**Required work**
Every line from the one with "directeur Fons Steggink." through the end of the entries below should be written out exactly; the pictures should not.

**Working data**
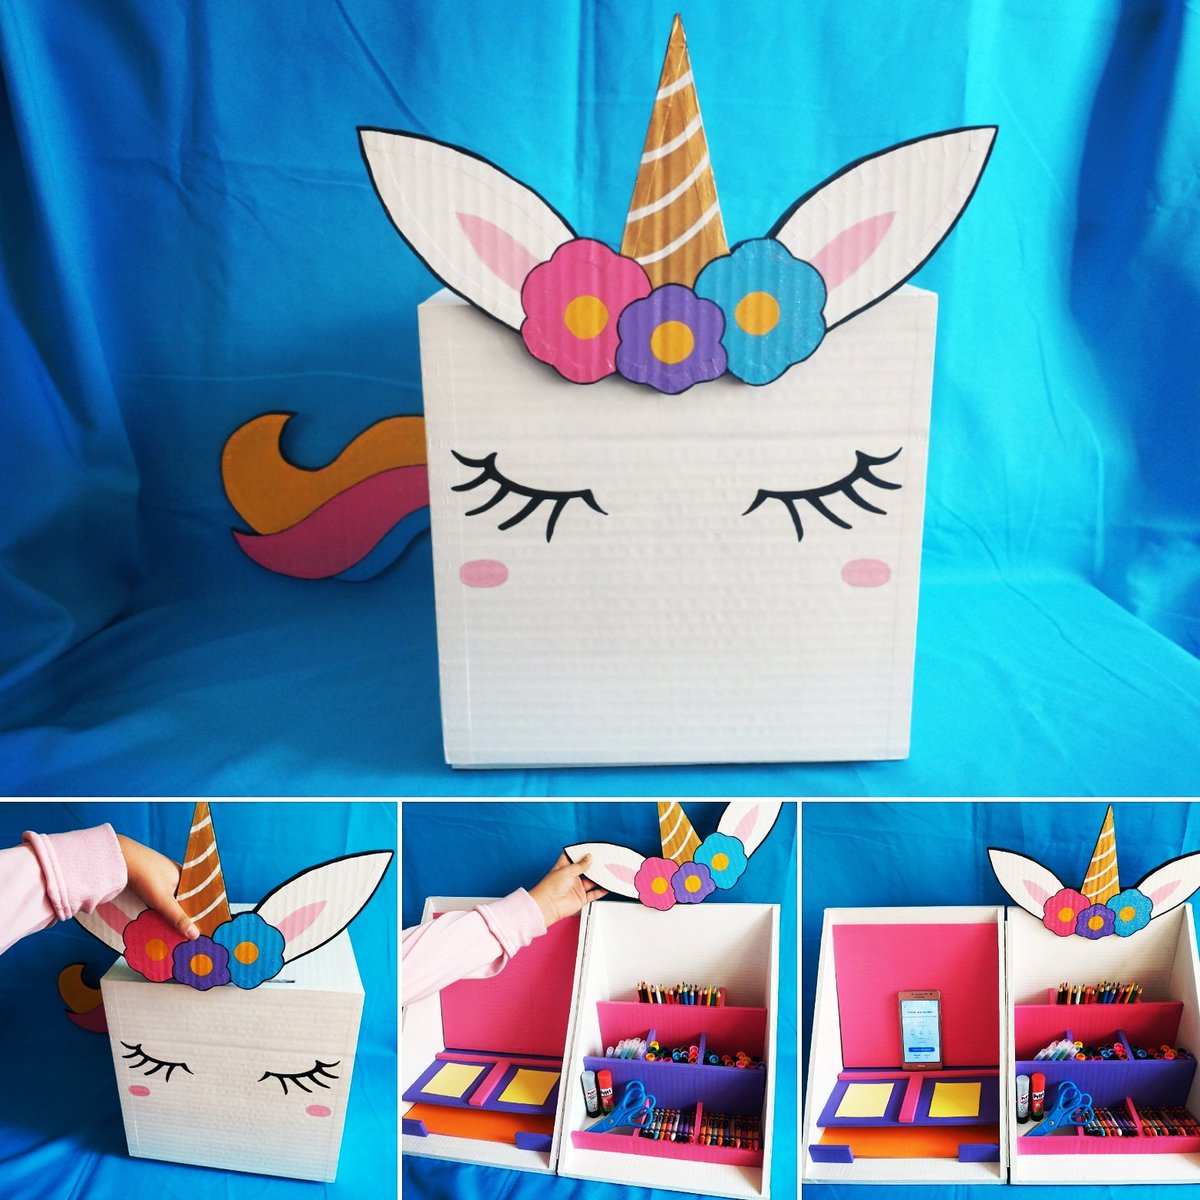 💡Imagina los útiles en este mágico y genial organizador de unicornio 🦄 🌈

#ideasyapjunior #ideas #creatividad #unicornio #magico #cuernavaca #regalosoriginales #ideaspararegalar #organizadores #carton #regalospersonalizados #crayola
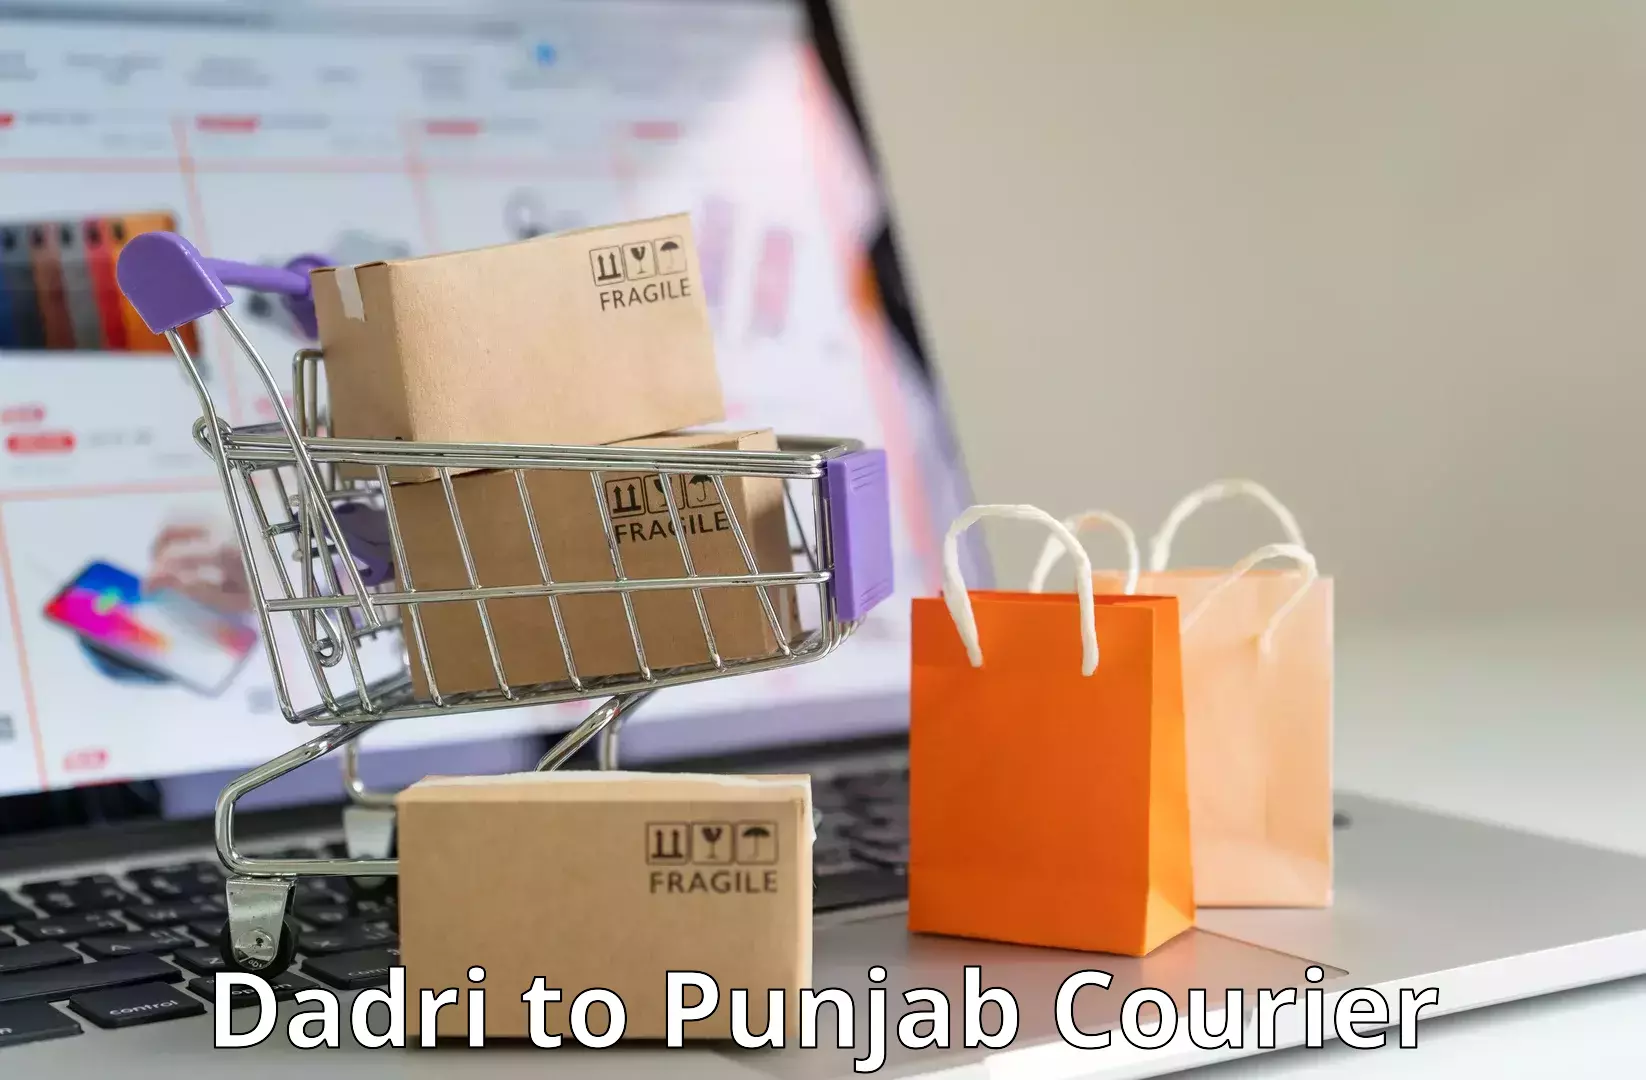 Courier service booking Dadri to Punjab
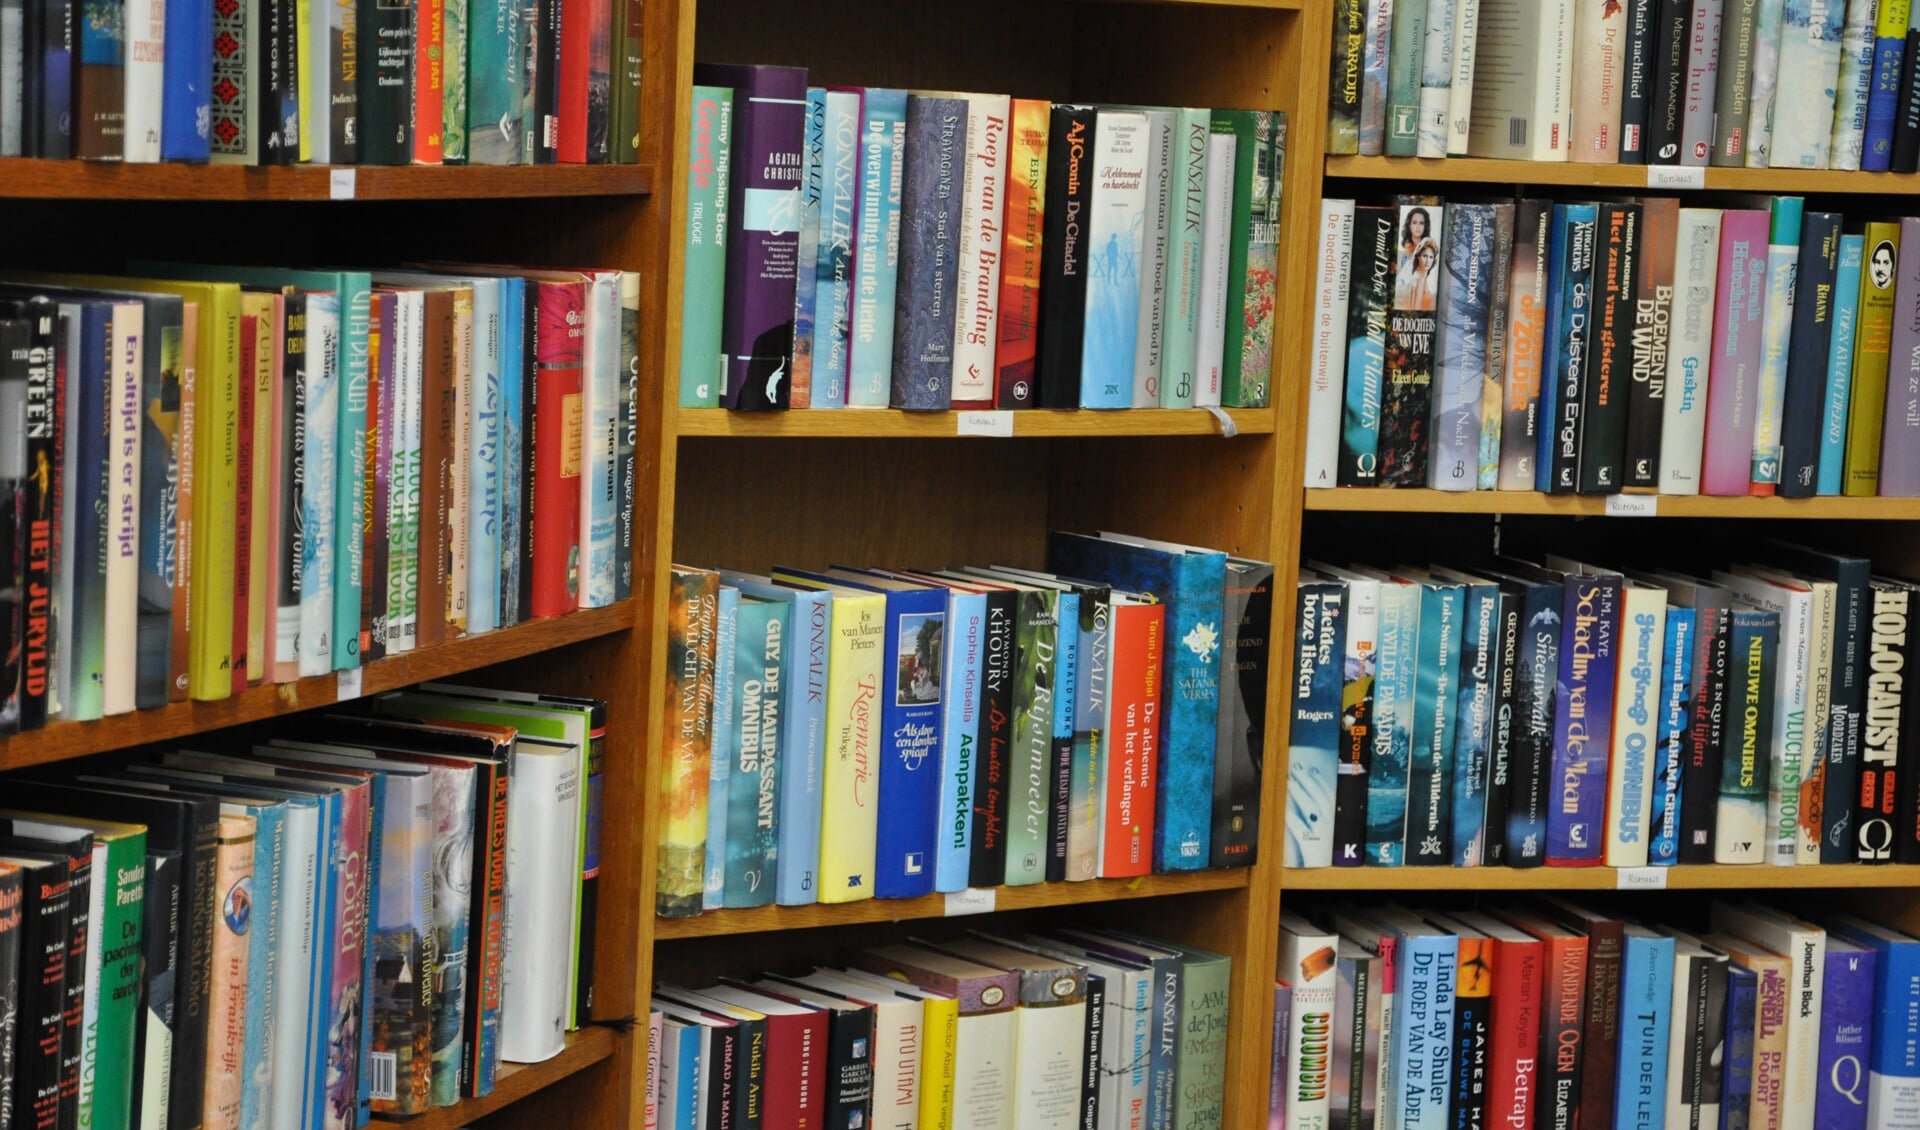  "De tijd dat de bibliotheek alleen wat kasten met boeken was, is echt voorbij", zegt directeur Fons Steggink.  
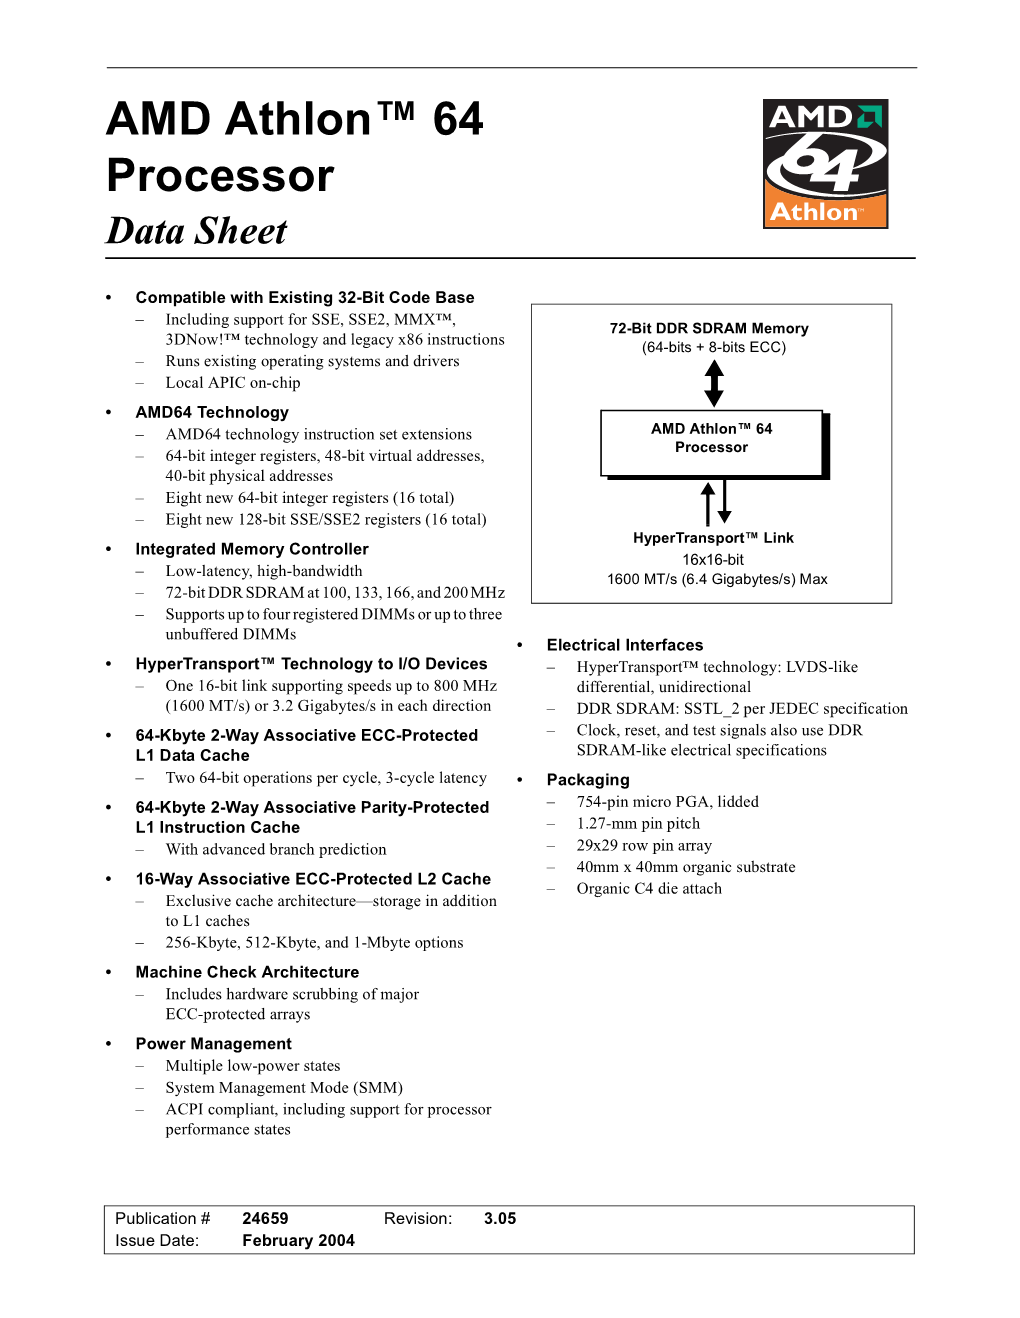 AMD Athlon 64 Processor Data Sheet (Public)

**Solved exercise**
  "De tijd dat de bibliotheek alleen wat kasten met boeken was, is echt voorbij", zegt directeur Fons Steggink.  
 AMD Athlon 64 Processor Data Sheet (Public)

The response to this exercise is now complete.